Photos survive in our family albums of happy reunions at St Leonard’s and Mayfield: if anyone would like further details please don’t hesitate to get in touch:
magdalenevans@gmail.com
Sister Patricia Milner was a fondlyremembered teacher and SHCJ Sister who was at St Leonard's until its closure in 1976. She died peacefully on 6th June 2020 in the SHCJ care home in Harrogate, North Yorkshire. She was one of the faithful pioneers of the Focolare in Ireland.
Anna Carboni (Class of 1981), remembers her:
It only really dawned on me in the last decade that it was Sister Patricia (or ‘S.P.’ as she was known at St Leonard’s) who set me on my path to a career in the law. I found out her address in Dublin from Claire Ball at Mayfield and wrote her a letter out of the blue a few years ago, reminding her of some of the things she taught me and the rest of ‘Junior 4P’ (‘P for Patricia’), a class of inquisitive 10 year old girls. It was my first year at boarding school, after a couple of years at our local village school. I learnt all my country capitals and rivers of the world from her (not that I remember them all); I made a lapis lazuli bracelet to represent some part of history that again I now forget; and I took part in a mock trial about whether one of the girls had mistreated her pet rabbit!
S.P. and another nun, Sister Carolyn Mitchell, used to take us down to the beach by Hastings Pier to have a swim in the sea on sunny July afternoons towards the end of the summer term.
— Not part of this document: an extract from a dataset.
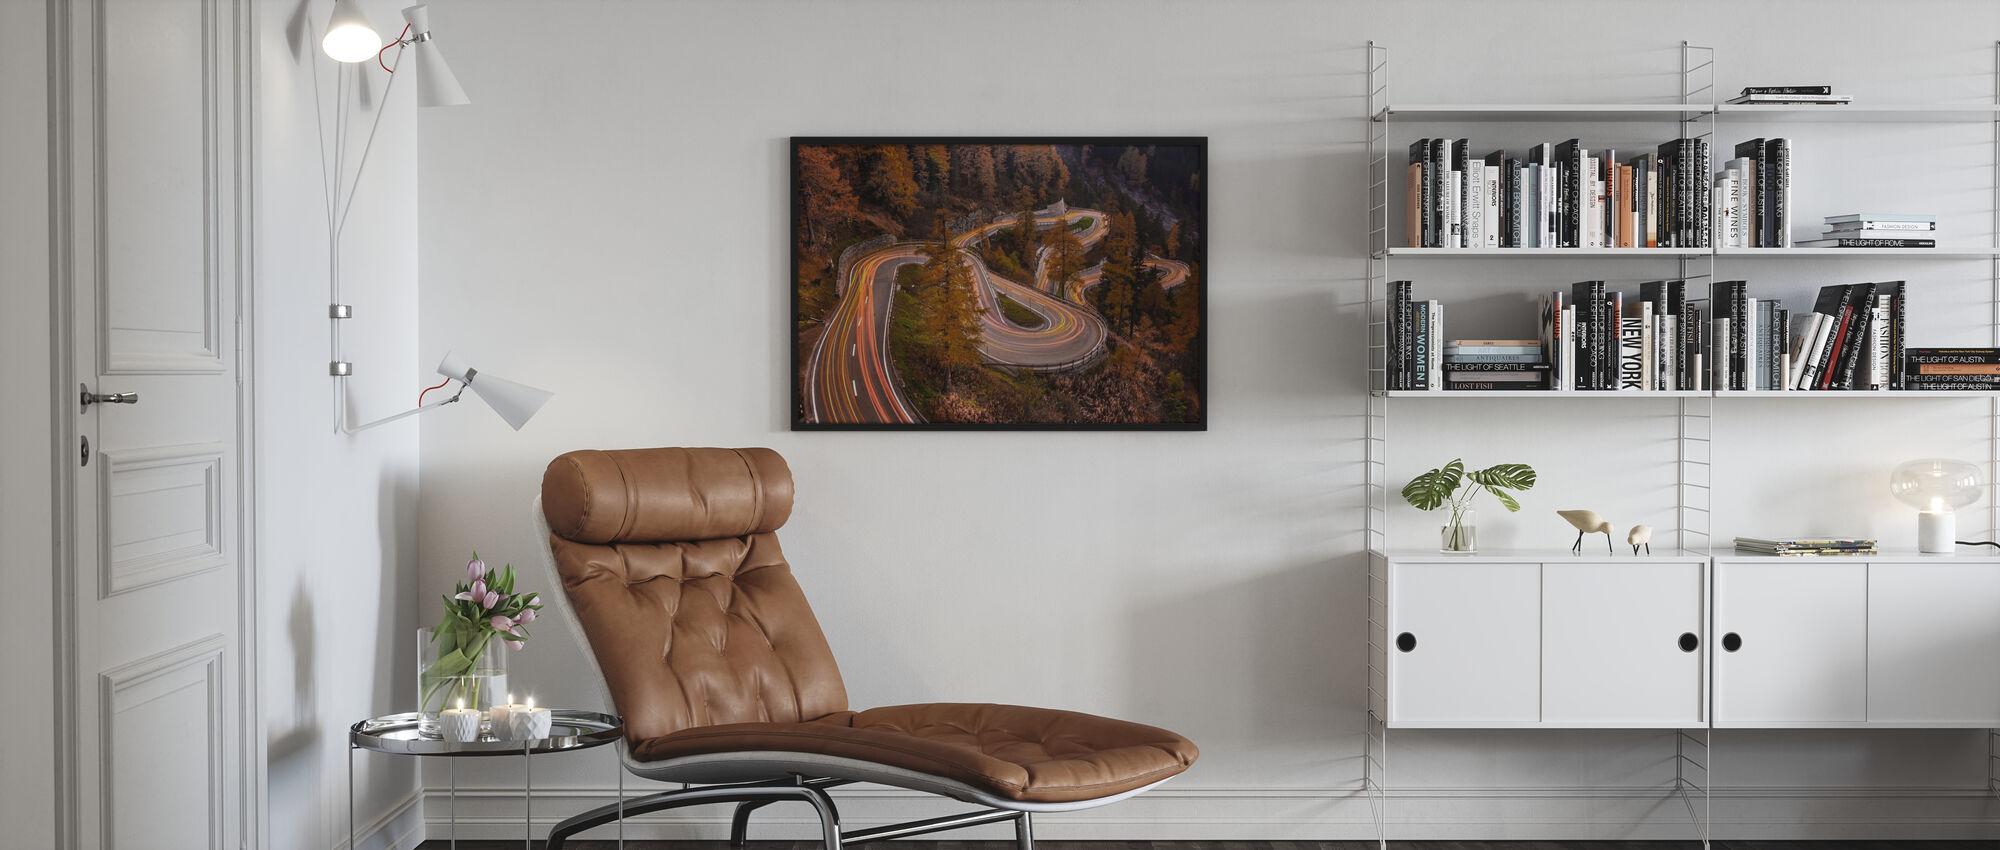 Freeway - Poster - Living Room

She encouraged us to plant flowers in some special flowerbeds that were arranged for us, and let us make camps in the school grounds, where once we led S.P. to put her foot into a rabbit hole, at which we fell about hooting with laughter while she got very cross with us. Luckily she forgave us!
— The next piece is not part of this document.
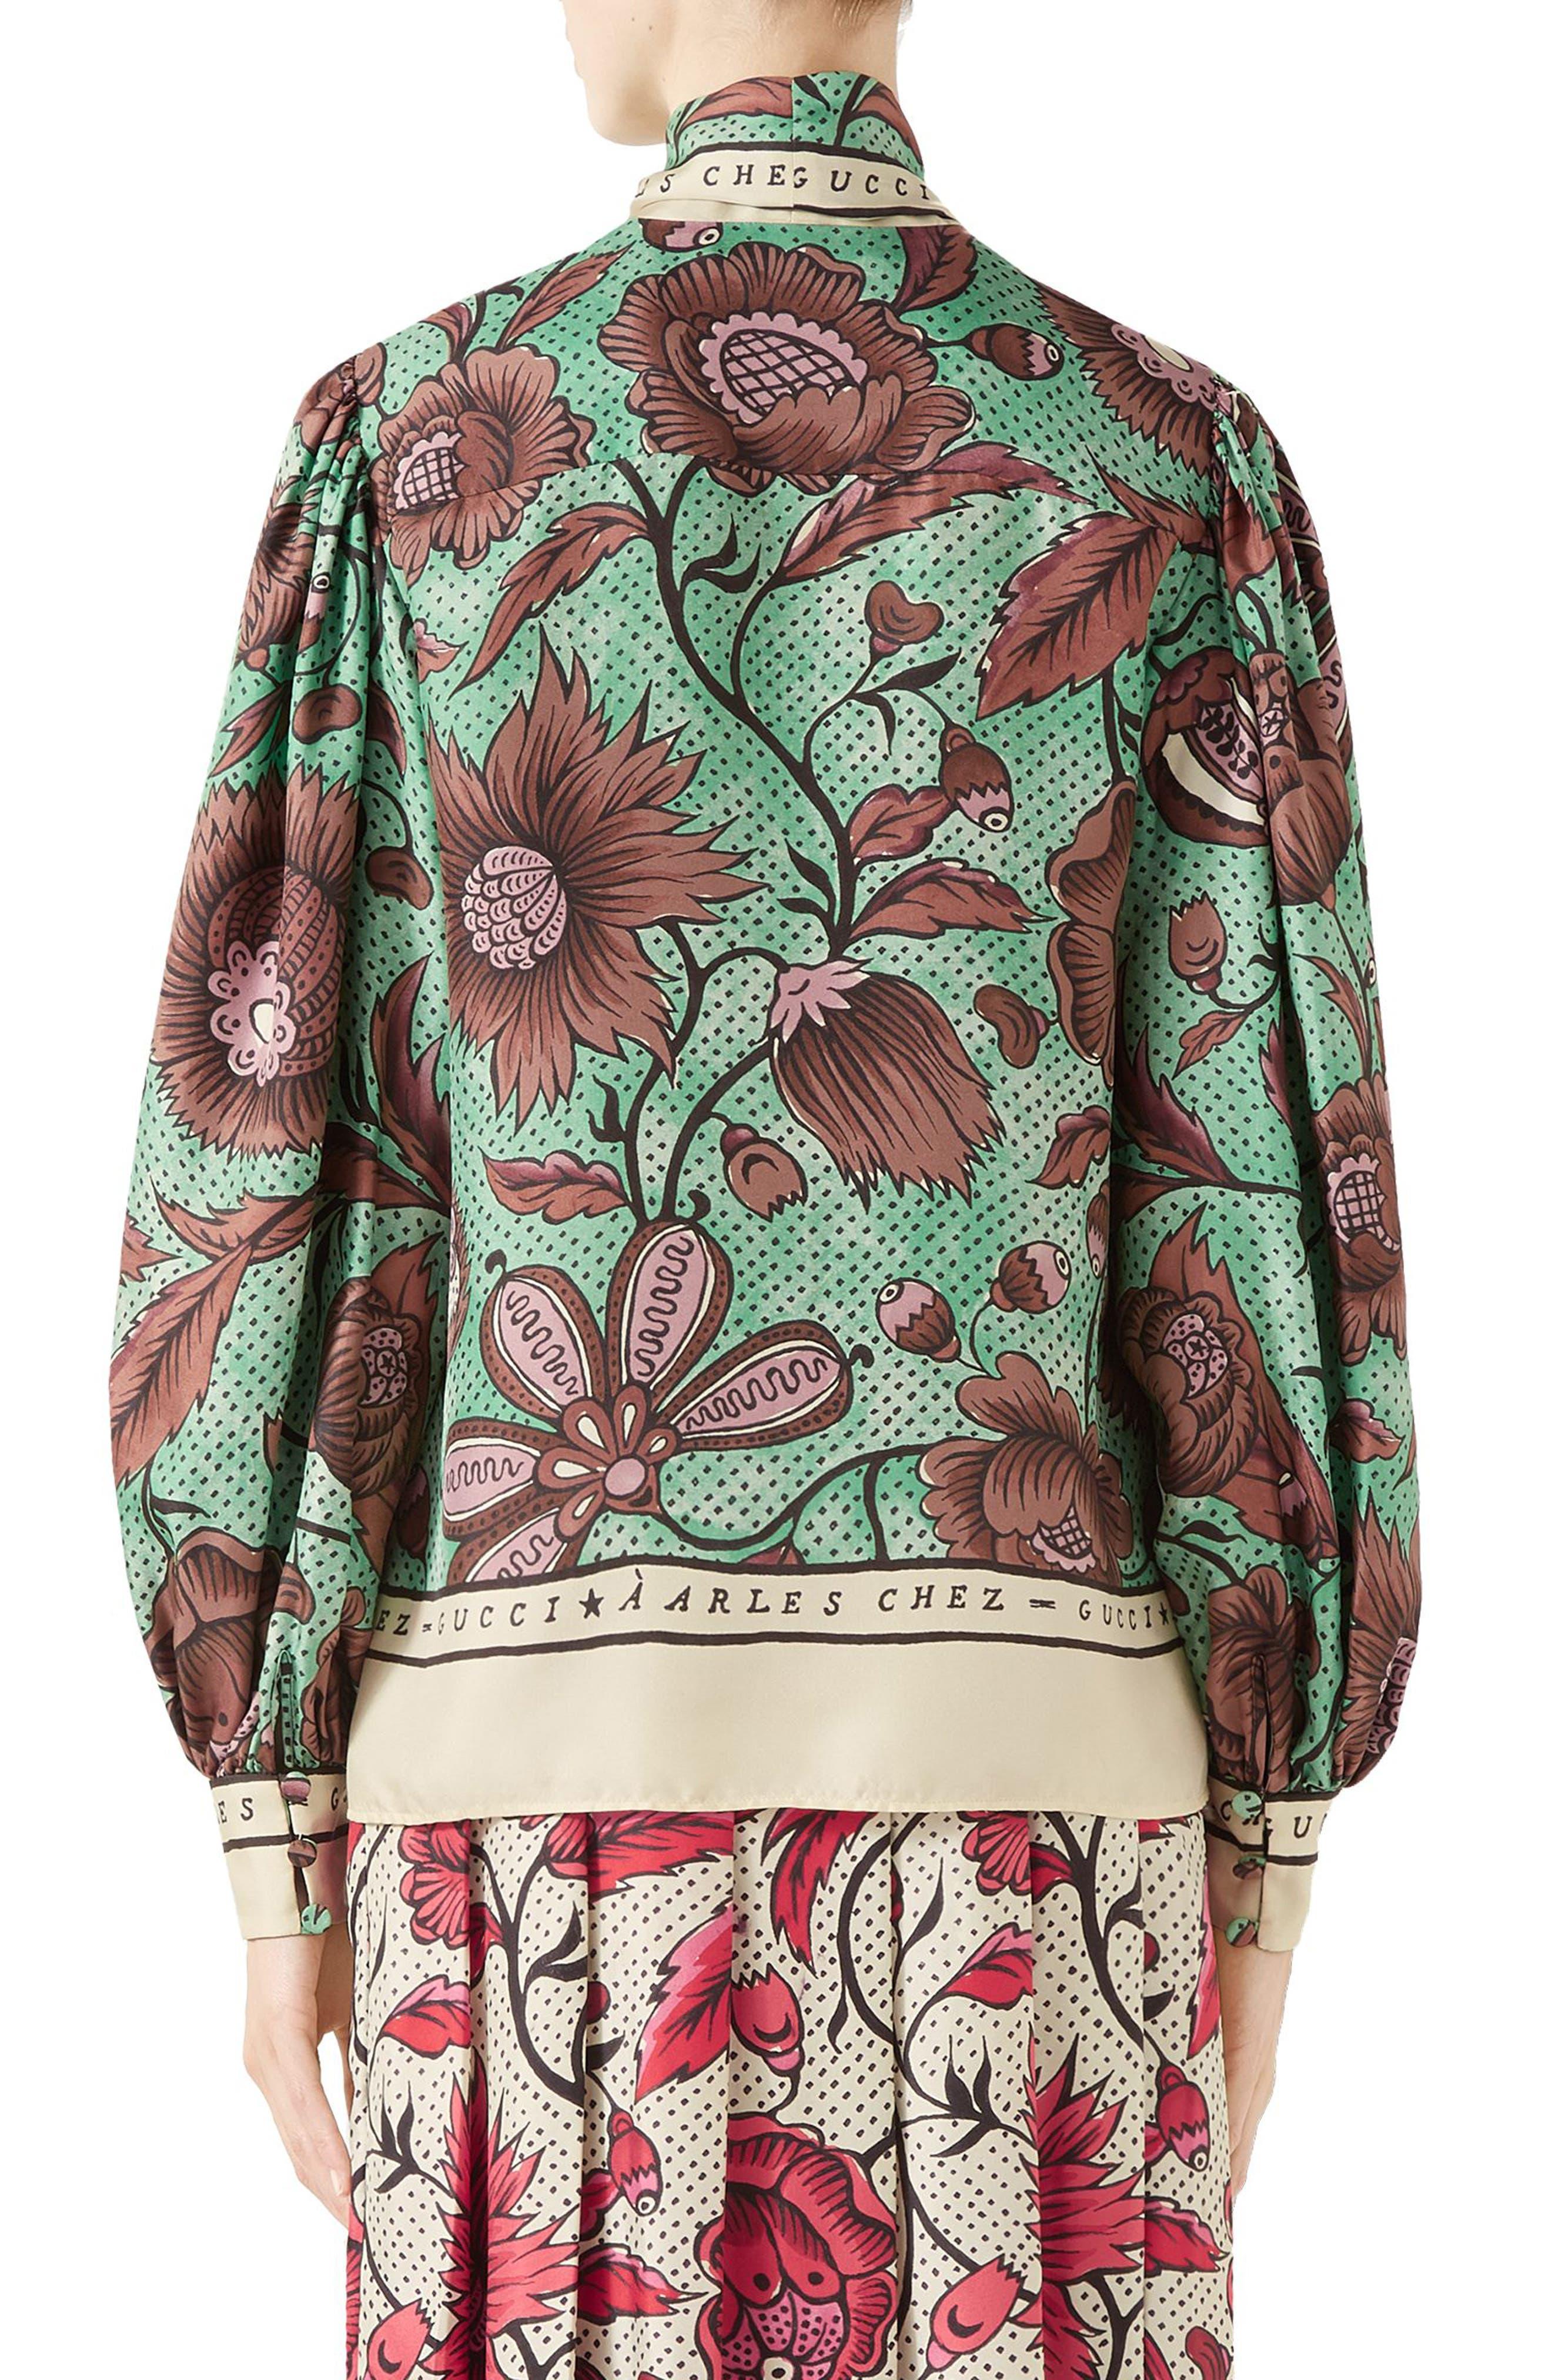 Watercolor Floral Print Tie Neck Silk Blouse,                             Alternate thumbnail 2, color,                             2125 BROWN/ GREEN PRINTED

I went on to Mayfield when St Leonards closed in 1976, with the class that would have moved in any event, and had another enjoyable three years there, but decided to join my brothers at King’s Canterbury for my sixth form, probably with no better reason than to be closer to the boys! It now feels rather disloyal to the SHCJ which had given me six fantastically fulfilling years of boarding school. S.P. remains the most important teacher that I had at any school, and I always thought it was a shame that she didn’t come on to Mayfield with many of the other nuns. I guess her calling was elsewhere.
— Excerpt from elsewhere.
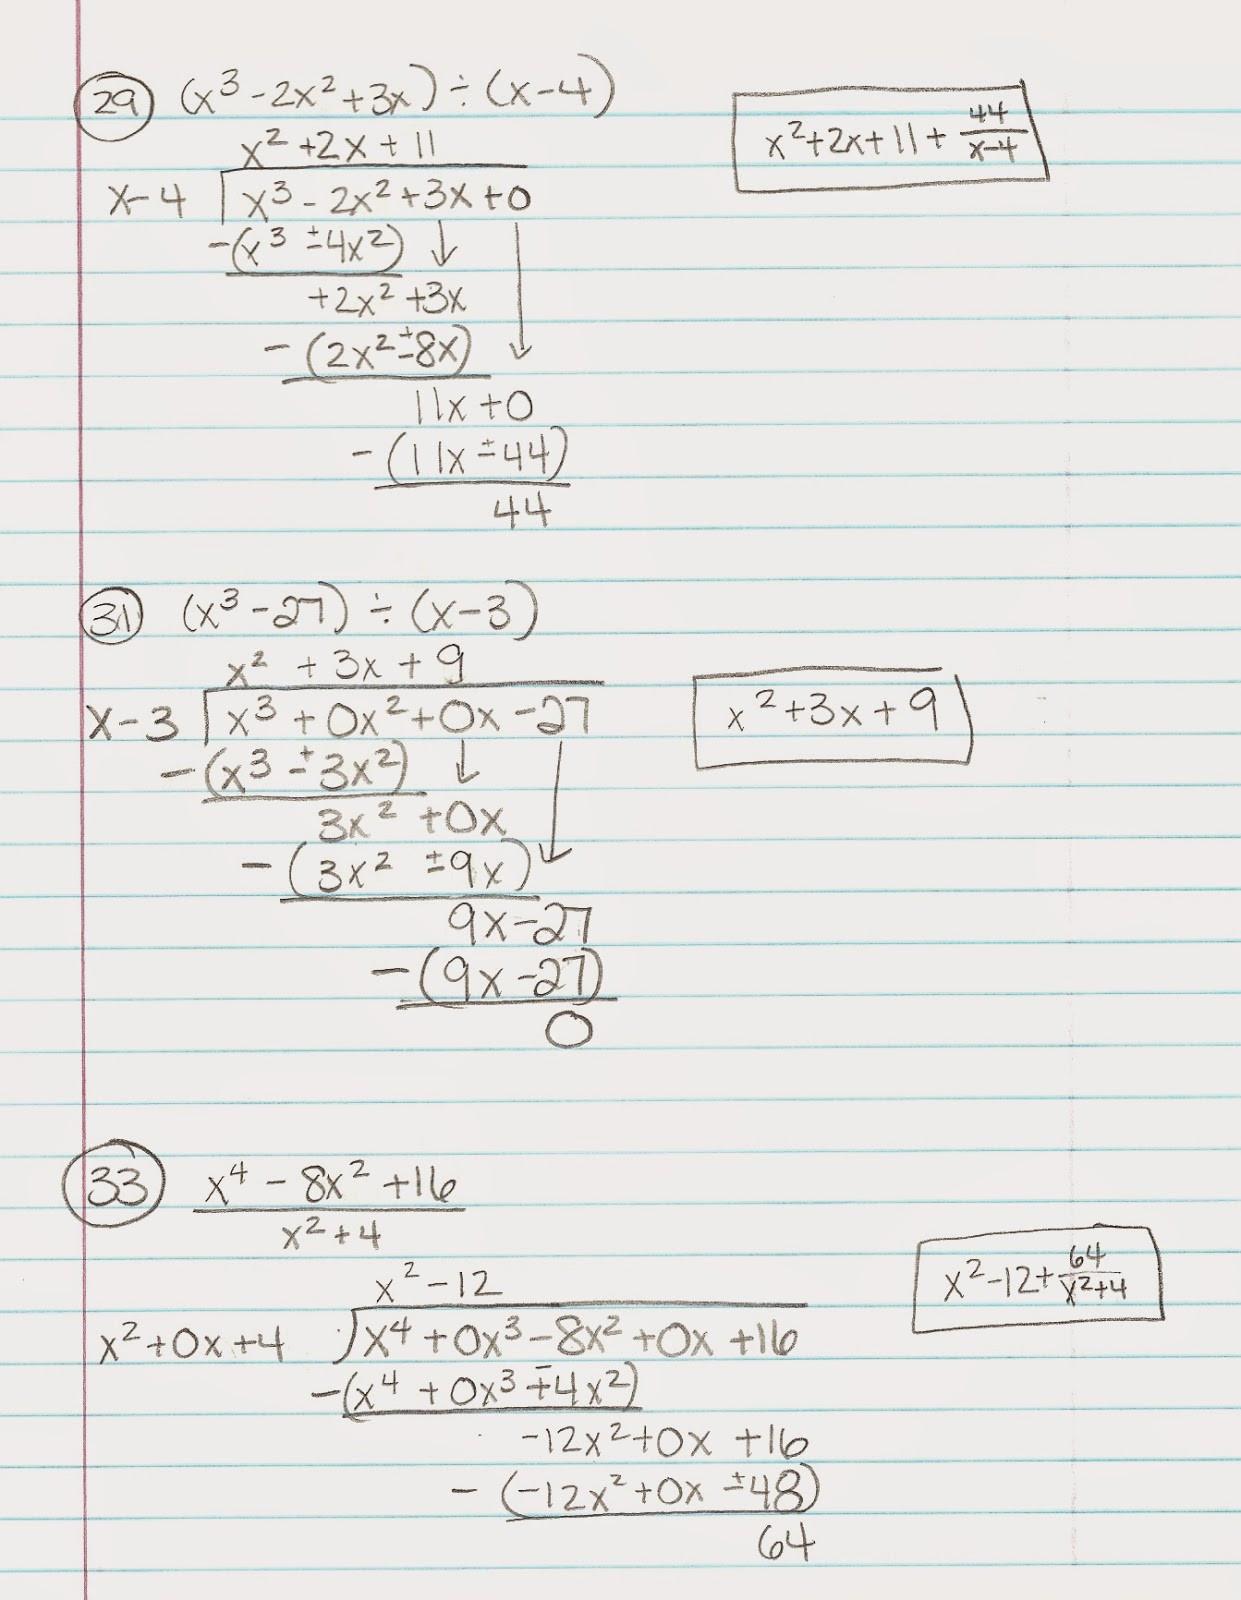 Dividing Polynomials Worksheet Answers Multiplying Polynomials Worksheet Math

I am sorry that I never managed to catch up properly with S.P. in later life, but I hope that she was pleased that she had been remembered by one of her charges from the 1970s.

SISTER MARY HILARY DALY
Sister Mary Hilary Daly died peacefully in Dublin on 21st December 2020. She was Housemistress of St Raphael’s House and a Maths teacher at Mayfield from 1978 to 1983. Before she came to Mayfield, she was Headmistress of what was then Combe Bank Holy Child School. On leaving Mayfield she became Headmistress of Killiney Holy Child School, Dublin, from 1983 to 1996. Old Cornelians from all three Holy Child Schools remember her with fondness and respect. Sister Mary Hilary also served as a Governor at Mayfield. May she rest in peace.